Proof: Indeed, $L_1 U_1 = L_2 U_2$ means $L_2^{-1} L_1 = U_2 U_1^{-1}$. $L_2^{-1} L_1 $ is lower triangular with ones on the diagonal. $U_2 U_1^{-1}$ is upper triangular. Thus, $L_2^{-1} L_1 = U_2 U_1^{-1} = I$ and $L_1 = L_2$, $U_1 = U_2$.

LU for positive definite Hermitian matrices (Cholesky factorization)¶

Strictly regular matrices have LU-decomposition.
An important subclass of strictly regular matrices is the class of Hermitian positive definite matrices

Definition. A matrix $A$ is called positive definite if for any $x: \Vert x \Vert \ne 0$ we have

$$ (x, Ax) > 0. $$

if this holds for $x \in \mathbb{C}^n$, then the matrix $A$ has to be hermitian
if this holds for $x \in \mathbb{R}^n$, then the matrix $A$ can be non symmetric

Claim: A Hermitian positive definite matrix $A$ is strictly regular and has Cholesky factorization of the form

$$A = RR^*,$$

where $R$ is a lower triangular matrix.

Let us try to prove this fact (on the whiteboard).
It is sometimes referred to as "square root" of the matrix.

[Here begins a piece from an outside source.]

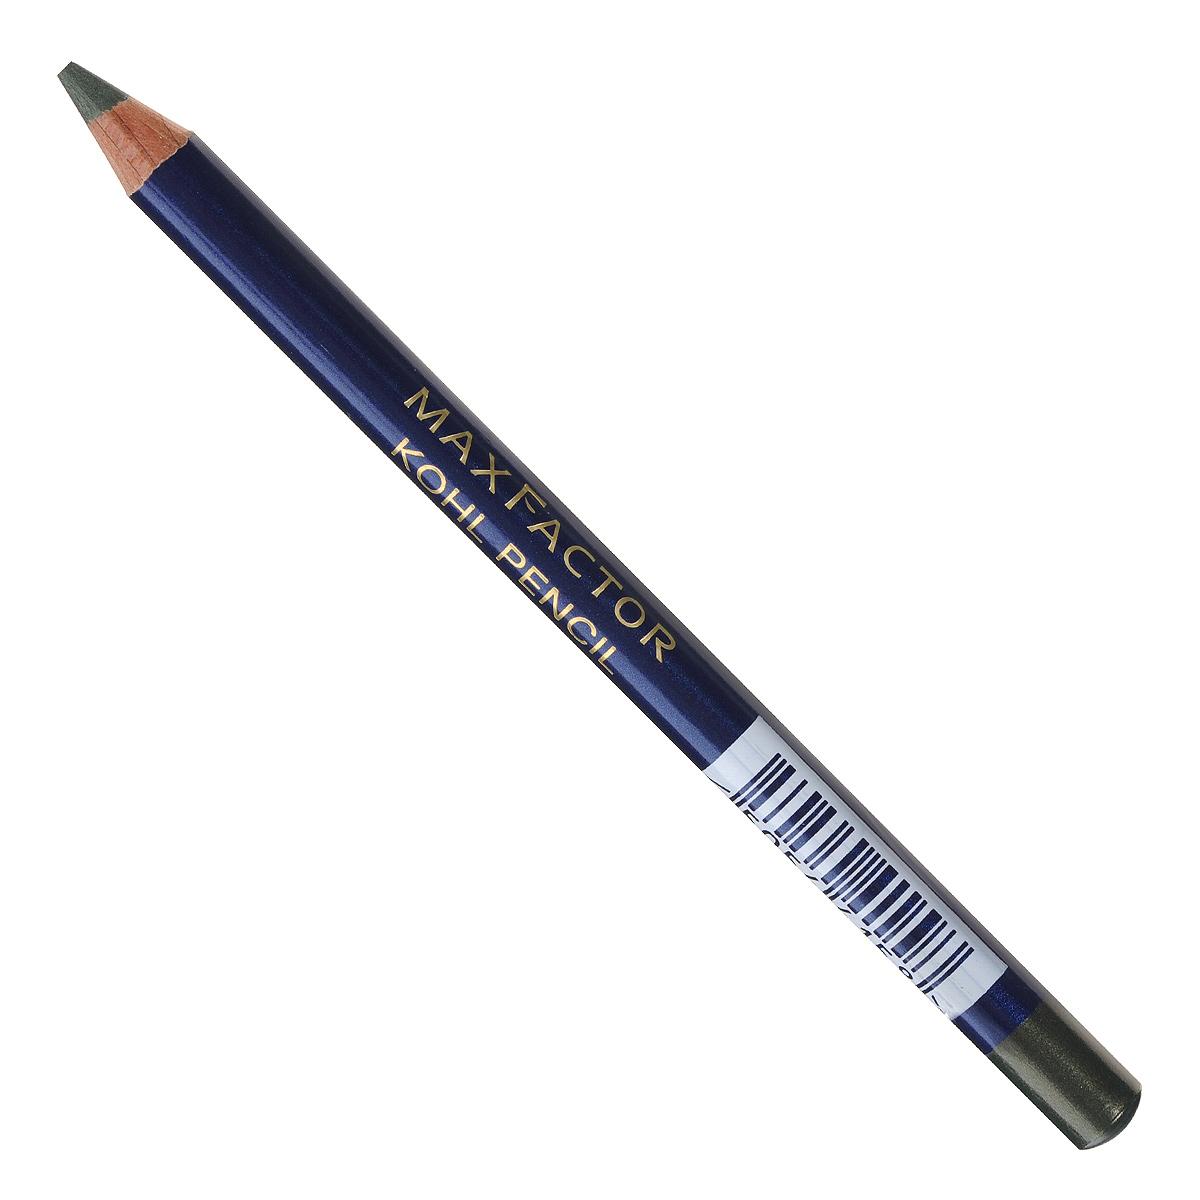 Max Factor Карандаш для глаз Kohl Pencil, тон №070 Olive, цвет: оливковый max factor карандаш для глаз liquid effect pencil тон 05 brown blaze цвет коричневый
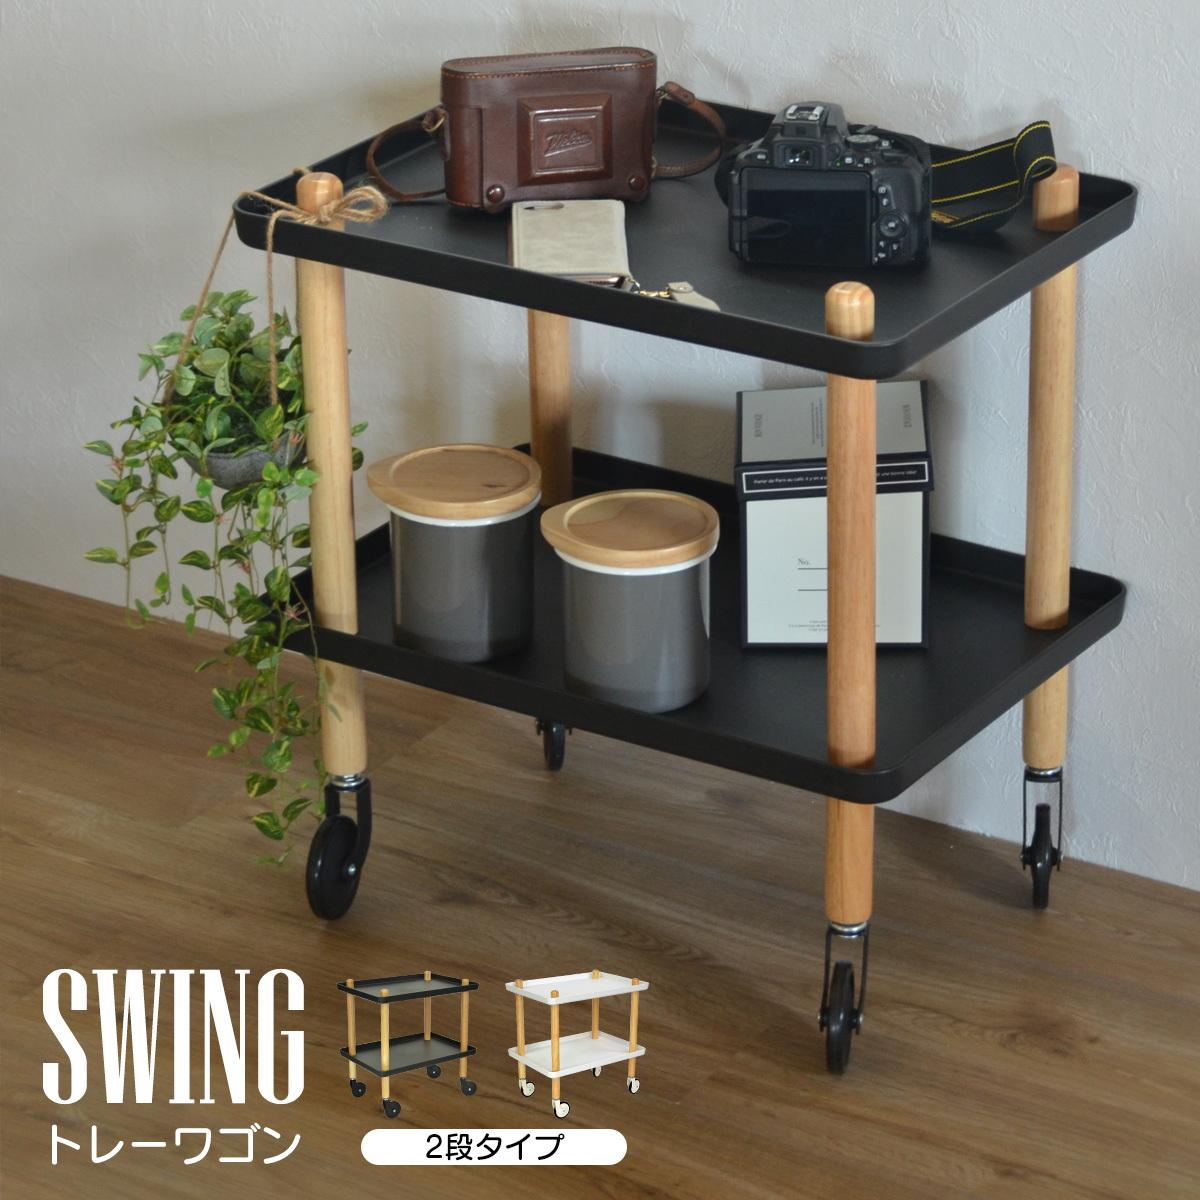 Swing Wagon 2tray / スウィングワゴン 2段トレー

Computing LU-decomposition¶

In many cases, computing LU-decomposition once is a good idea!
Once the decomposition is found (it costs $\mathcal{O}(n^3)$ operations), then solving linear systems with $L$ and $U$ costs only $\mathcal{O}(n^2)$ operations.

Check:

Solving linear systems with triangular matrices is easy (why?).
How we compute the $L$ and $U$ factors?

When LU fails¶

What happens, if the matrix is not strictly regular (or the pivots in the Gaussian elimination are really small?).
There is classical $2 \times 2$ example of a matrix with a bad LU decomposition.
The matrix we look at is

$$ A = \begin{pmatrix} \varepsilon & 1 \\ 1 & 1 \end{pmatrix} $$

If $\varepsilon$ is sufficiently small, we might fail. In contrast the Cholesky factorization is always stable.

Let us do some demo here.

In [15]:

import jax.numpy as jnp
import jax
from jax.config import config
config.update("jax_enable_x64", True)

eps = 1.12e-16
a = [[eps, 1],[1.0,  1]]
a = jnp.array(a)
a0 = a.copy()
n = a.shape[0]
L = jnp.zeros((n, n))
U = jnp.zeros((n, n))
for k in range(n): #Eliminate one row
    L = L.at[k, k].set(1.0)
    #L = jax.ops.index_update(L, jax.ops.index[k, k], 1)
    for i in range(k+1, n):
        L = L.at[i, k].set(a[i, k]/a[k, k])
        #L = jax.ops.index_update(L, jax.ops.index[i, k], a[i, k] / a[k, k])
        for j in range(k+1, n):
            a = a.at[i, j].add(-L[i, k]*a[k, j])
            #a = jax.ops.index_add(a, jax.ops.index[i, j], -L[i, k] * a[k, j])
    for j in range(k, n):
        U = U.at[k, j].set(a[k, j])
        #U = jax.ops.index_update(U, jax.ops.index[k, j], a[k, j])
print('L * U - A:\n', jnp.dot(L, U) - a0)
U

L * U - A:
 [[0. 0.]
 [0. 0.]]

Out[15]:

DeviceArray([[ 1.12000000e-16,  1.00000000e+00],
             [ 0.00000000e+00, -8.92857143e+15]], dtype=float64)

The concept of pivoting¶

We can do pivoting, i.e. permute rows and columns to maximize $A_{kk}$ that we divide over.
The simplest but effective strategy is the row pivoting: at each step, select the index that is maximal in modulus, and put it onto the diagonal.
It gives us the decomposition

$$A = P L U,$$

where $P$ is a permutation matrix.

Q. What makes row pivoting good?

A. It is made good by the fact that

$$ | L_{ij}|<1, $$

but the elements of $U$ can grow, up to $2^n$! (in practice, this is very rarely encountered).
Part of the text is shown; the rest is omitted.